Problem details — Set down each line of the material that follows, exactly, with no pictures.

Information shown —
________

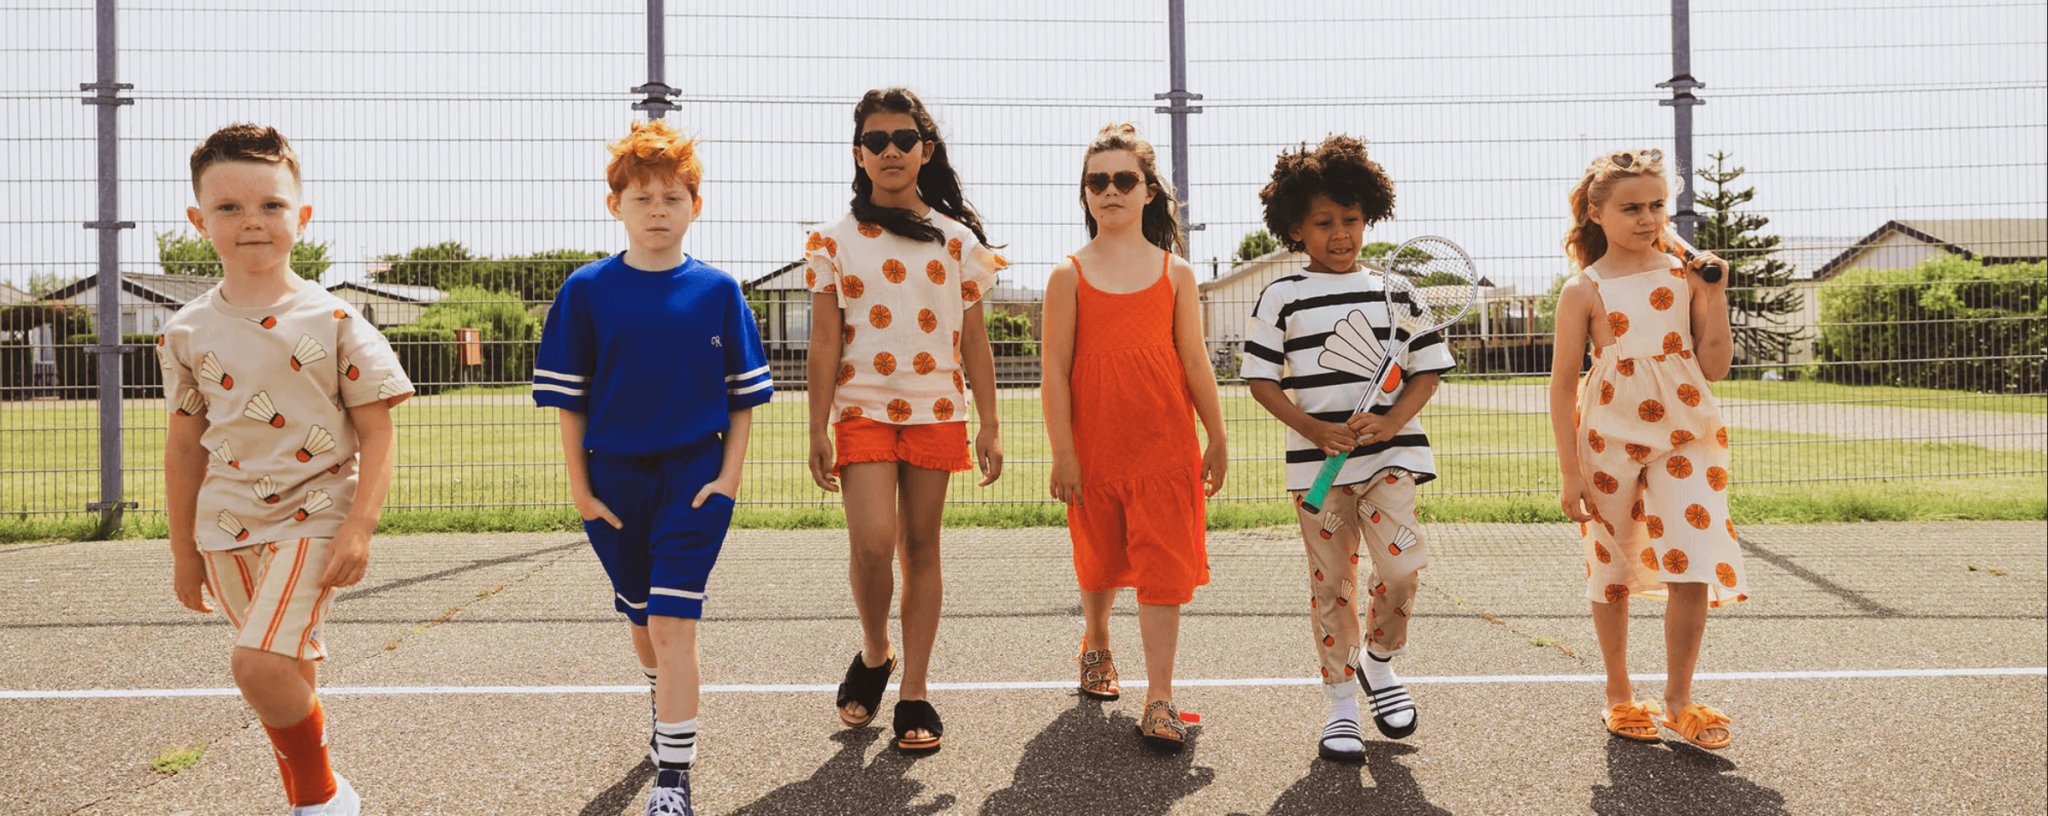 10 marcas de ropa infantil que marcan la diferencia – PetitGegant
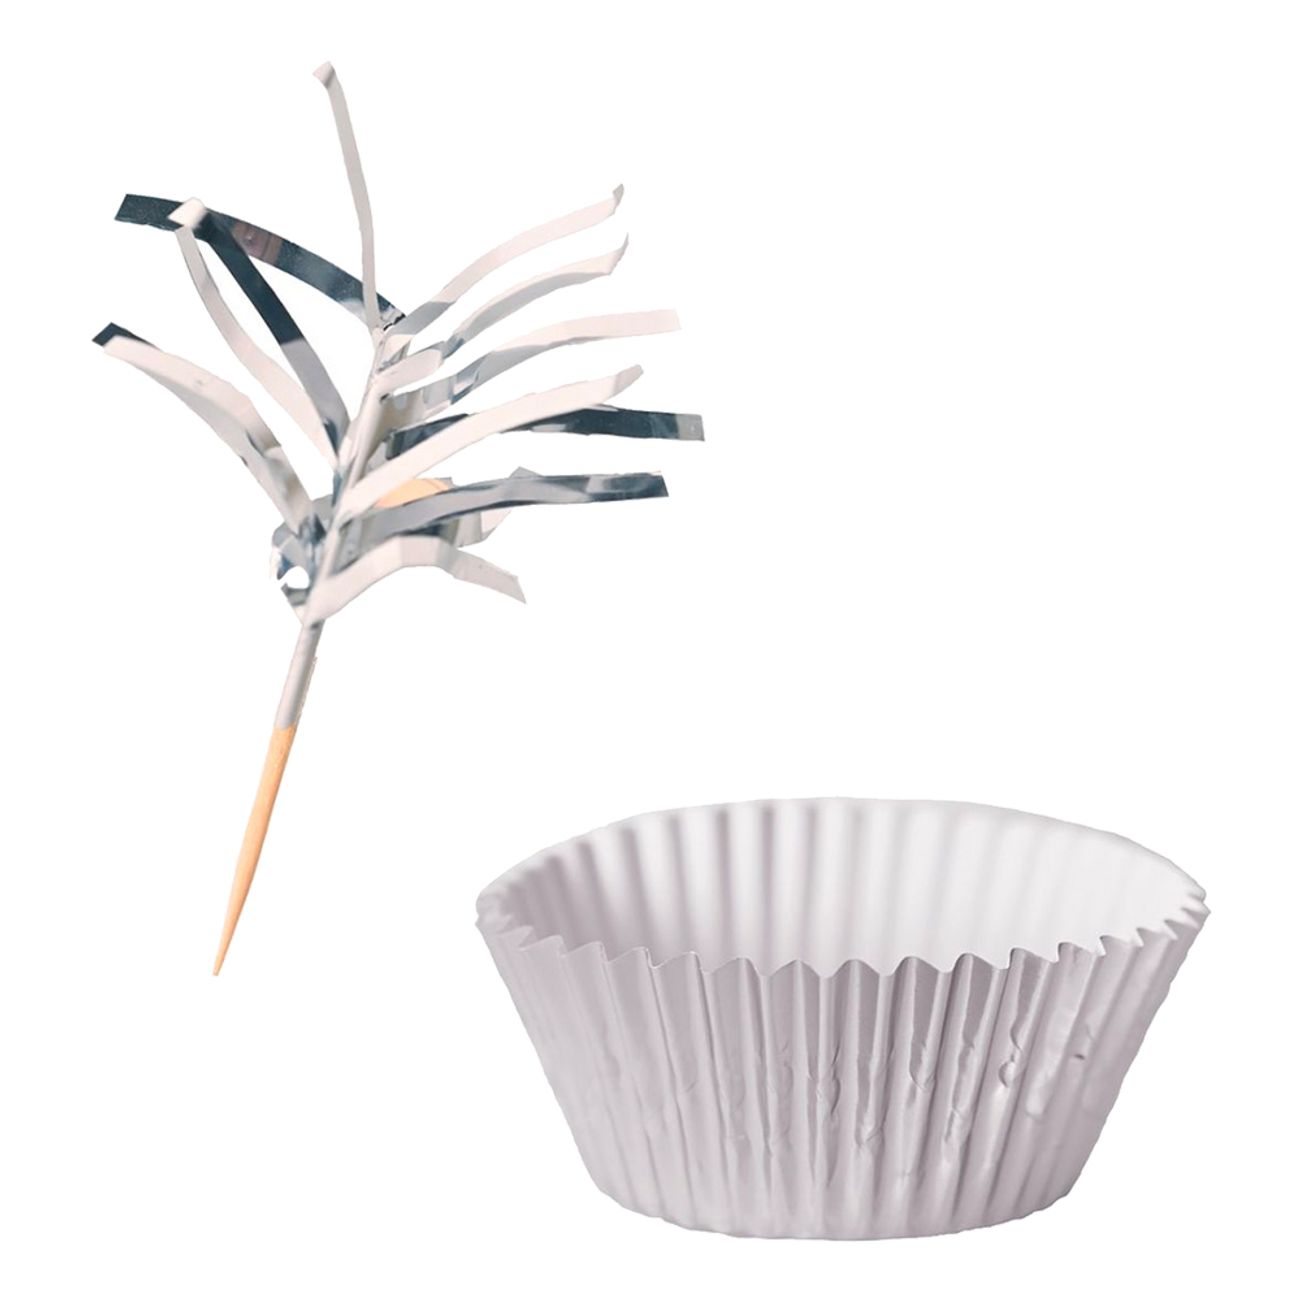 cupcake-kit-silver-metallic-87322-1
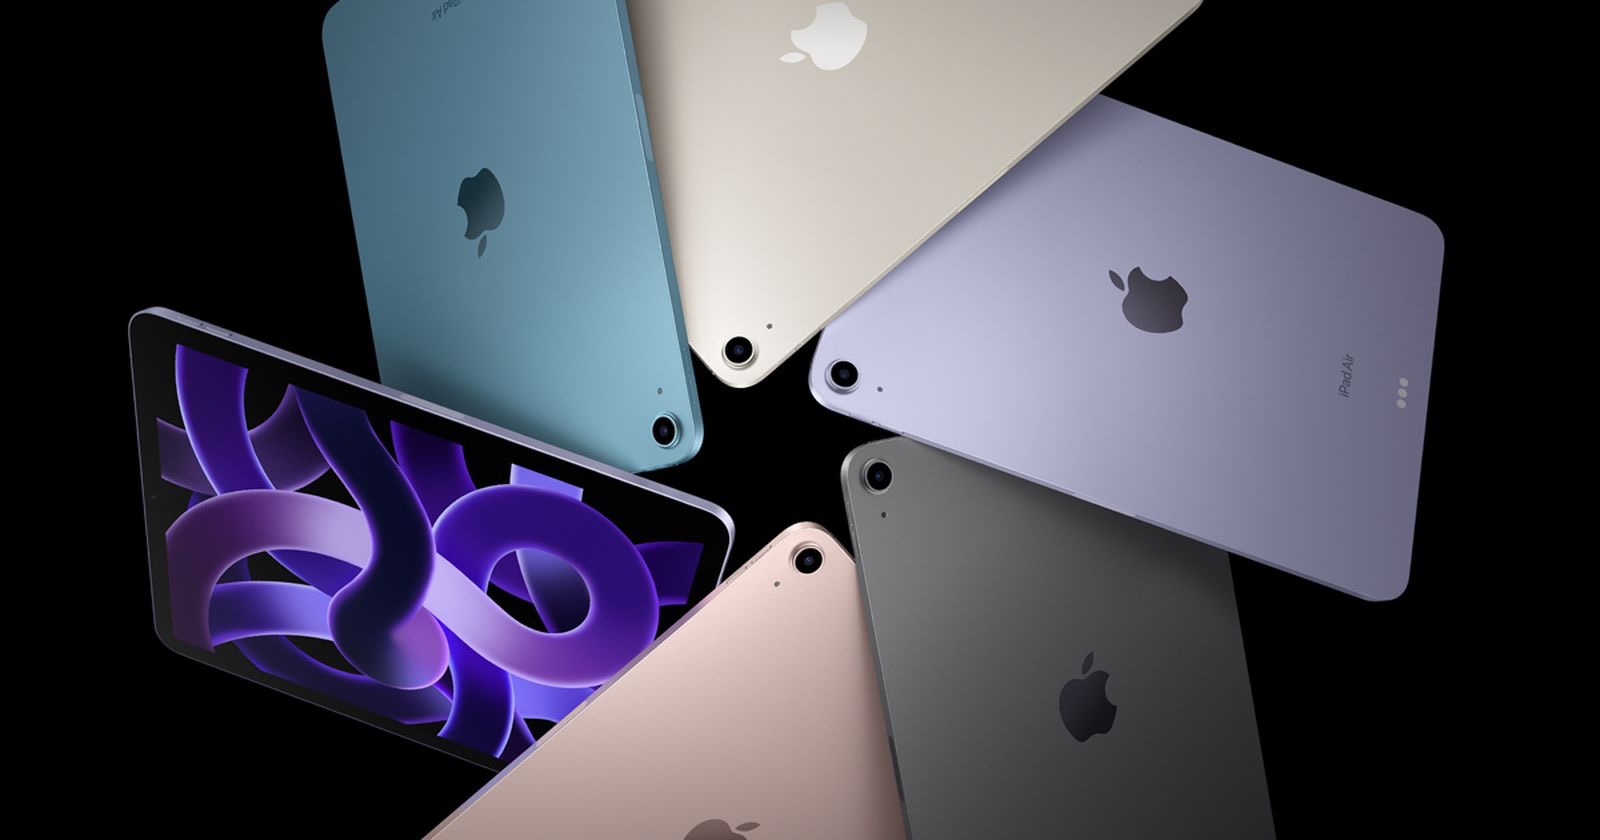 ผลการทดสอบเผย Apple M1 ใน iPad Air แรงเท่า iPad Pro!

________

Output for this exercise —
 10 marcas de ropa infantil que marcan la diferencia – PetitGegant
 cupcake-kit-silver-metallic-87322-1
 ผลการทดสอบเผย Apple M1 ใน iPad Air แรงเท่า iPad Pro!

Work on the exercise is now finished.